The photo usually sat high on a dusty shelf. His father had taken it down to reminisce, no doubt, though he would likely deny that to Dylan.

“Look at you two,” Dylan said.

“We look like fools,” his father said.

“It was the eighties. Everyone wore leisure suits.” The men’s expressions captured their personalities. Dylan’s father looked dazed and humble. A scholarship student at MIT, he hadn’t been able to believe his good fortune. Abbott looked relaxed and confident, knowing success was his birthright.

“Give me that.” His father looked at the picture. “I was the real fool. I should have known he would cheat me blind.”

“He saved you from bankruptcy.”

“He took advantage of me.” Dylan’s father, a dreamer caught up in his ideas, had gone into debt on R&D, failing to boost production to cover costs. Abbott had bought Ryland Engineering at a fair price, not a generous one. Abbott Wharton was a businessman first.

“Abbott knew how to spot trends, Dad.”

“Now you take his side?”

“I’m being realistic.”

Growing up, his father had lectured Dylan, pride ringing in his voice, about how he himself was proof that hard work and intelligence overcame wealth and privilege.

Abbott making a killing on his father’s failed business had destroyed his father’s belief, convinced him that wealth and class always ruled.

“Your mother wore the same blinders. I was a failure, while Abbott could do no wrong.” Dylan’s mother left—went back to her family in Iowa—because she couldn’t live with his father’s bitterness, though his father believed it was the shame of his failure.

His parents’ breakup at Christmas his senior year had shaken Dylan to the core. Love was supposed to last. His parents hadn’t even tried. They drew lines in the sand and folded their arms, stubbornly blaming each other.

They’d forced him to choose, too.

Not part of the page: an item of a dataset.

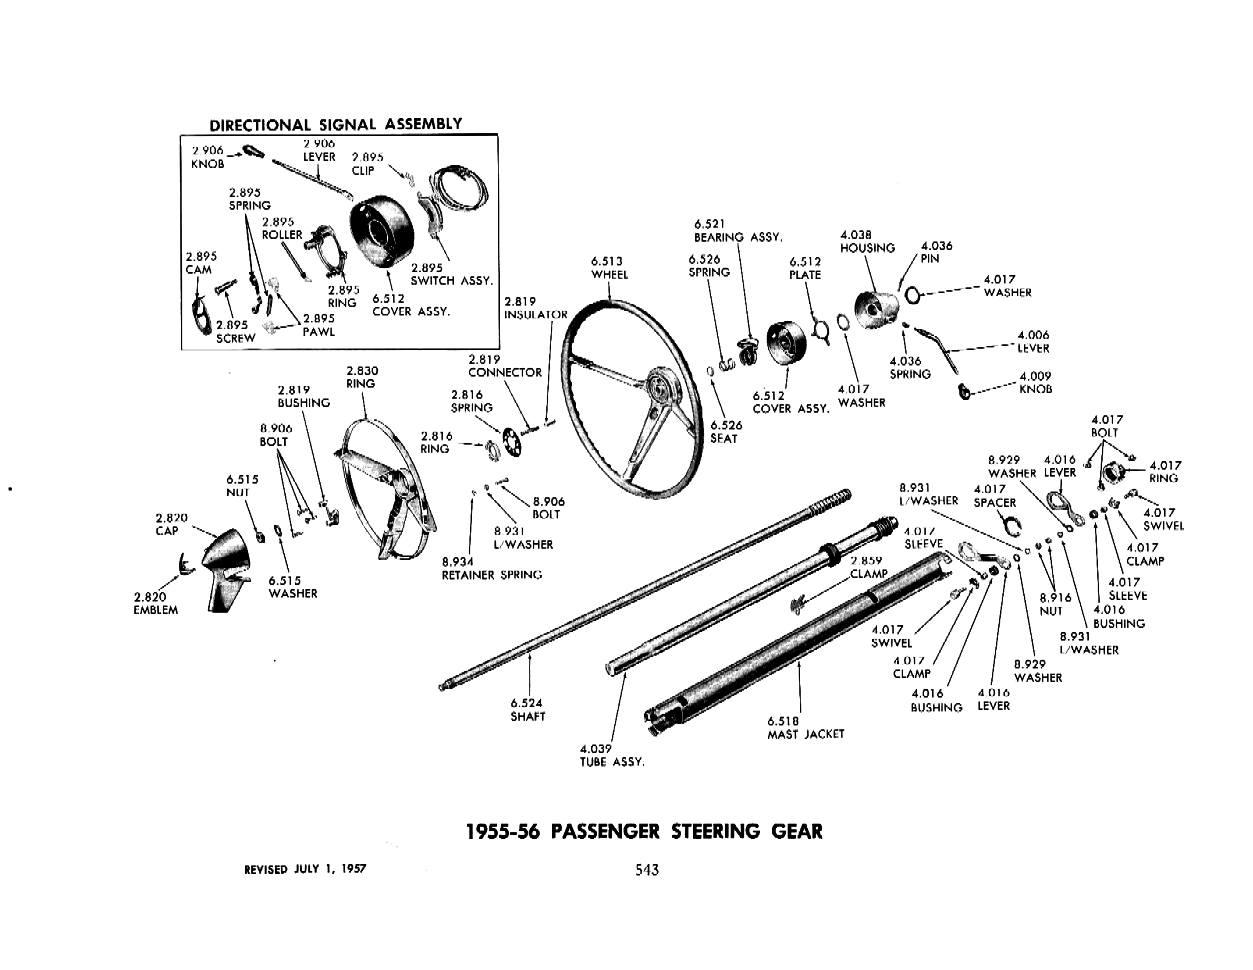 1955 chevy steering column diagram wc 9474  chevrolet truck steering column diagram  chevrolet truck steering column diagram

He’d stayed with his father, the one who needed him most. His mother claimed to understand, but she’d been hurt.

“And, still, the man’s trying to cheat me from the grave.” His father stabbed a finger at the papers on his desk. “These specs are impossible.”

“We knew there would be kinks to smooth.” To reach this moment, Dylan had watched their profit margin like a hawk, held the line on R&D, no matter how hard his father pushed, and kept tabs on developments at Wharton.

When Abbott nailed the federal energy alternative grant to build the cheaper, lighter, more stable lithium battery his engineers had devised, Dylan made sure Ryland Engineering was positioned as the best provider of the crucial part.